### EXERCISE DIRECTIONS
All of the data should be output character for character, except the pictures.

### PROVIDED MATERIAL
Segment Open

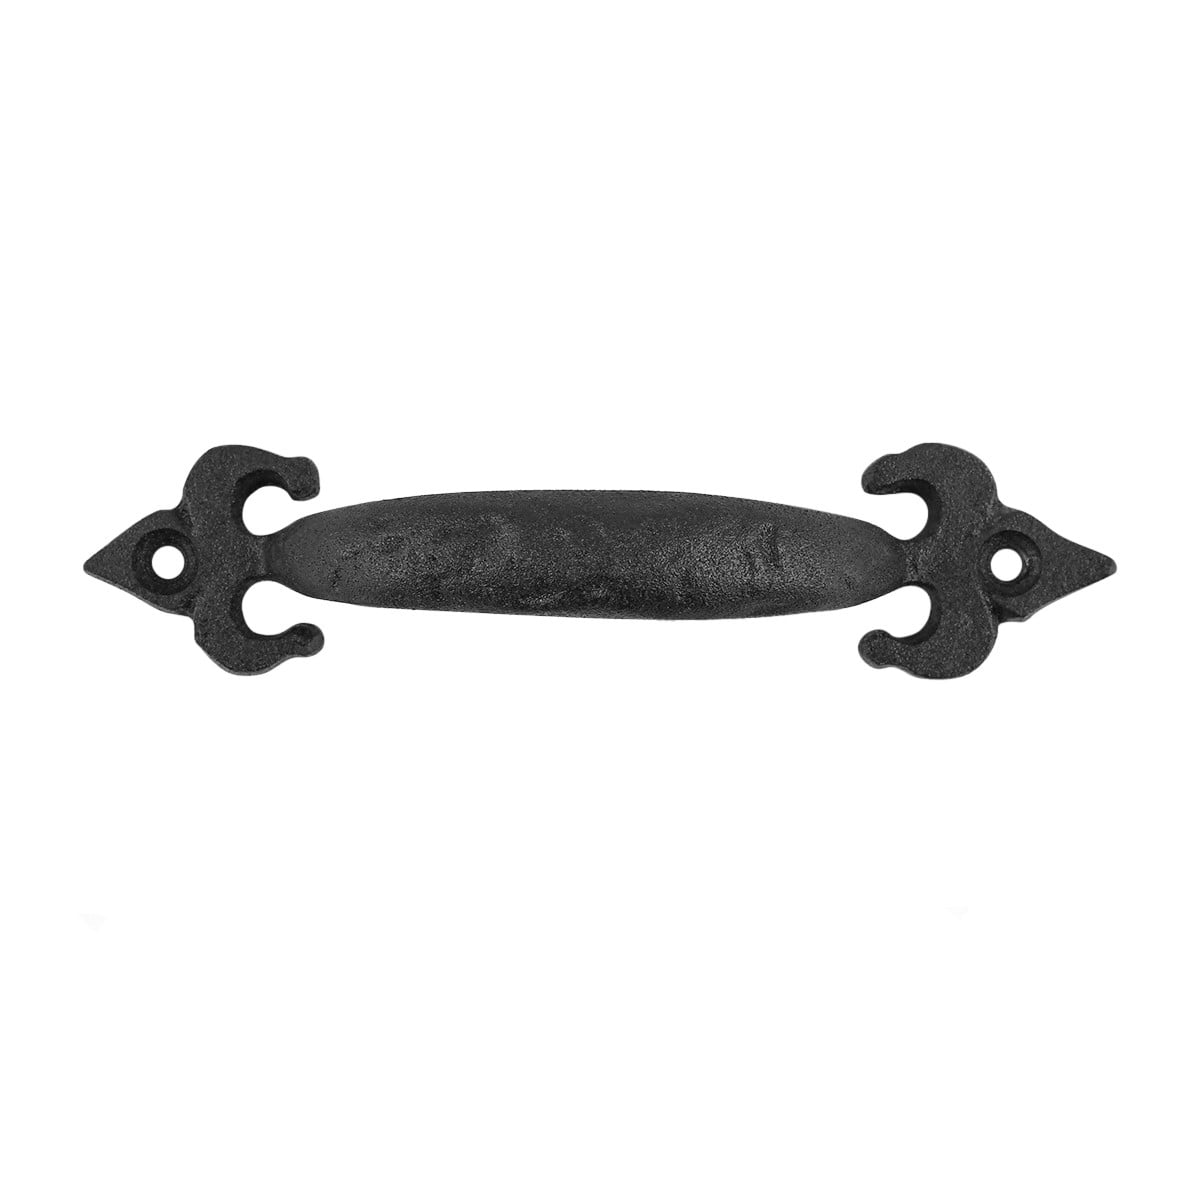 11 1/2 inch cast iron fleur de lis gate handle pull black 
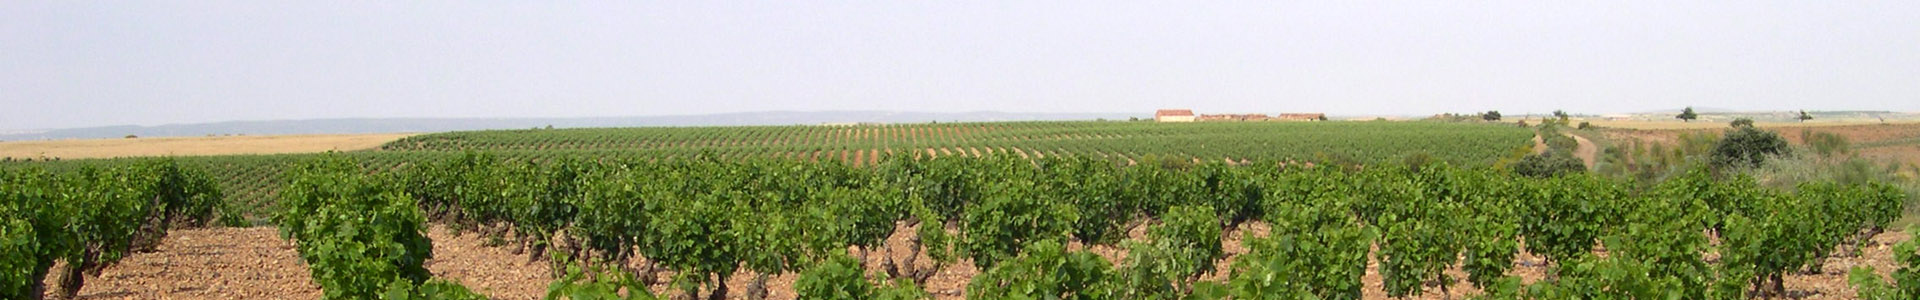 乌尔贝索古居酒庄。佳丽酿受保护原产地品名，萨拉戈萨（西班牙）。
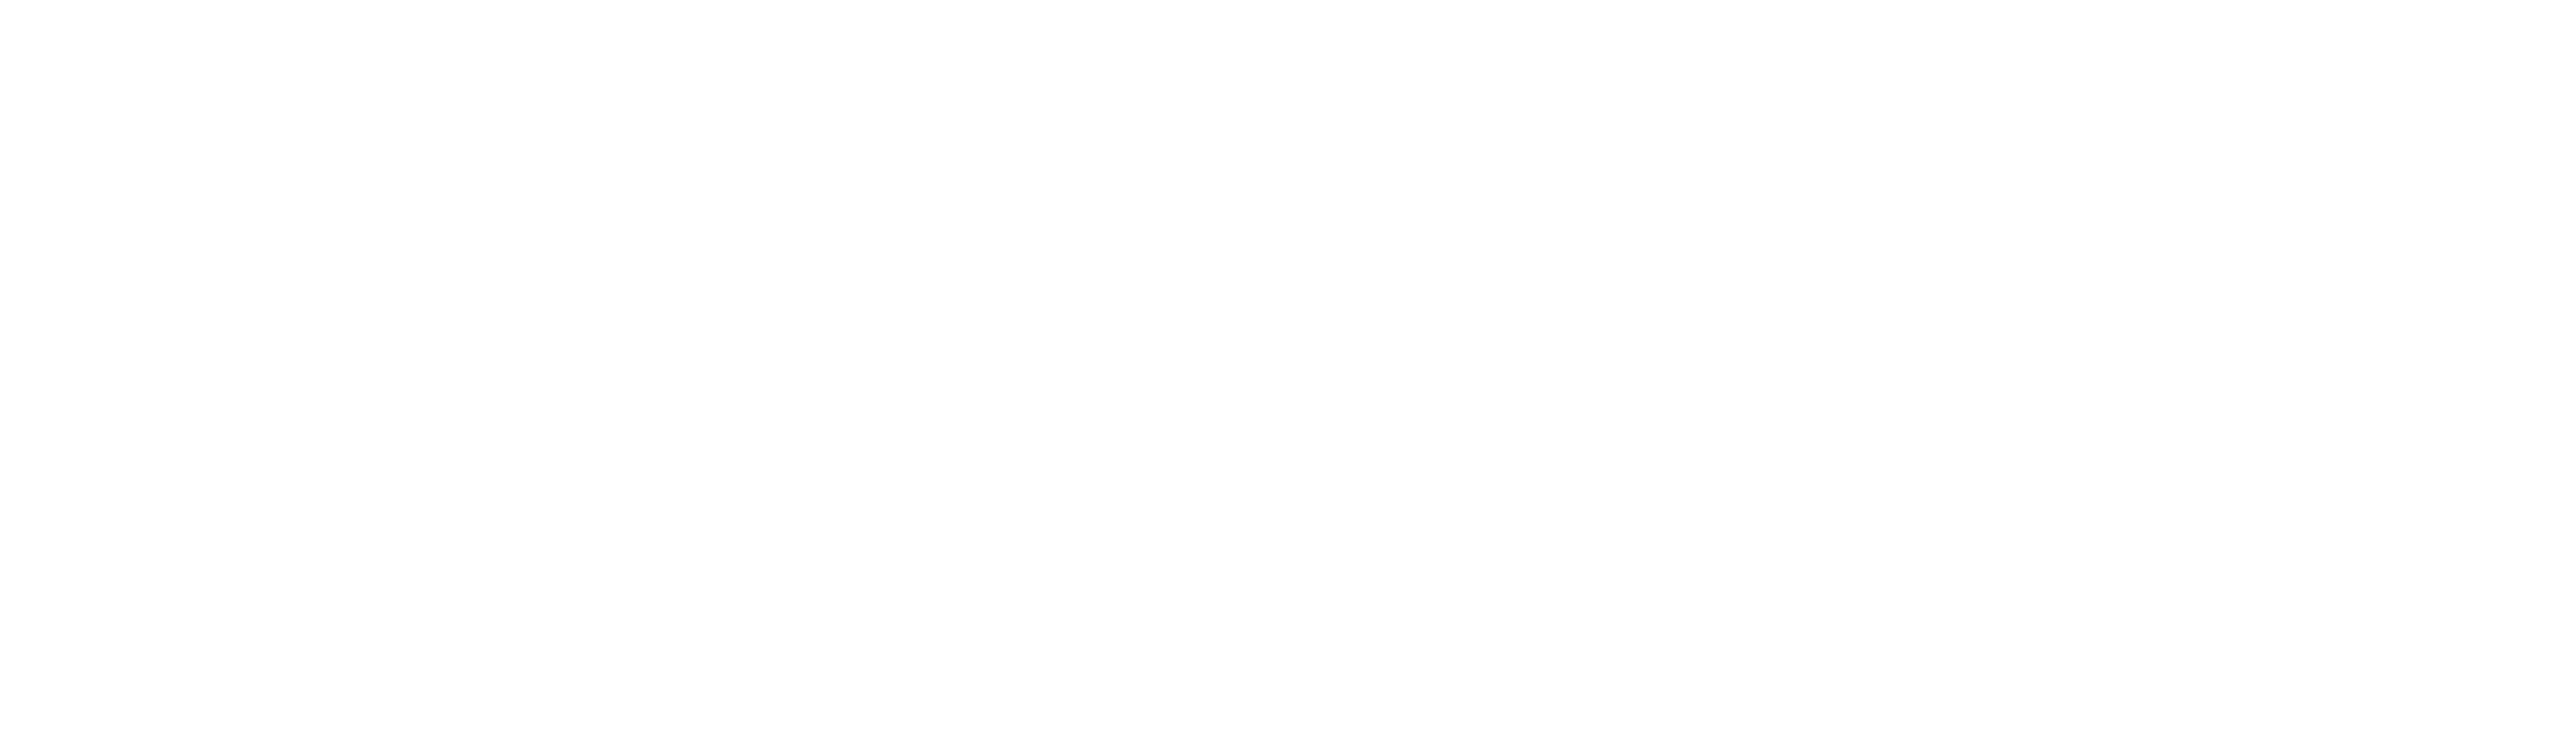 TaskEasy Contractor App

Segment Closed

### ANSWER BELOW
 11 1/2 inch cast iron fleur de lis gate handle pull black 
 乌尔贝索古居酒庄。佳丽酿受保护原产地品名，萨拉戈萨（西班牙）。
 TaskEasy Contractor App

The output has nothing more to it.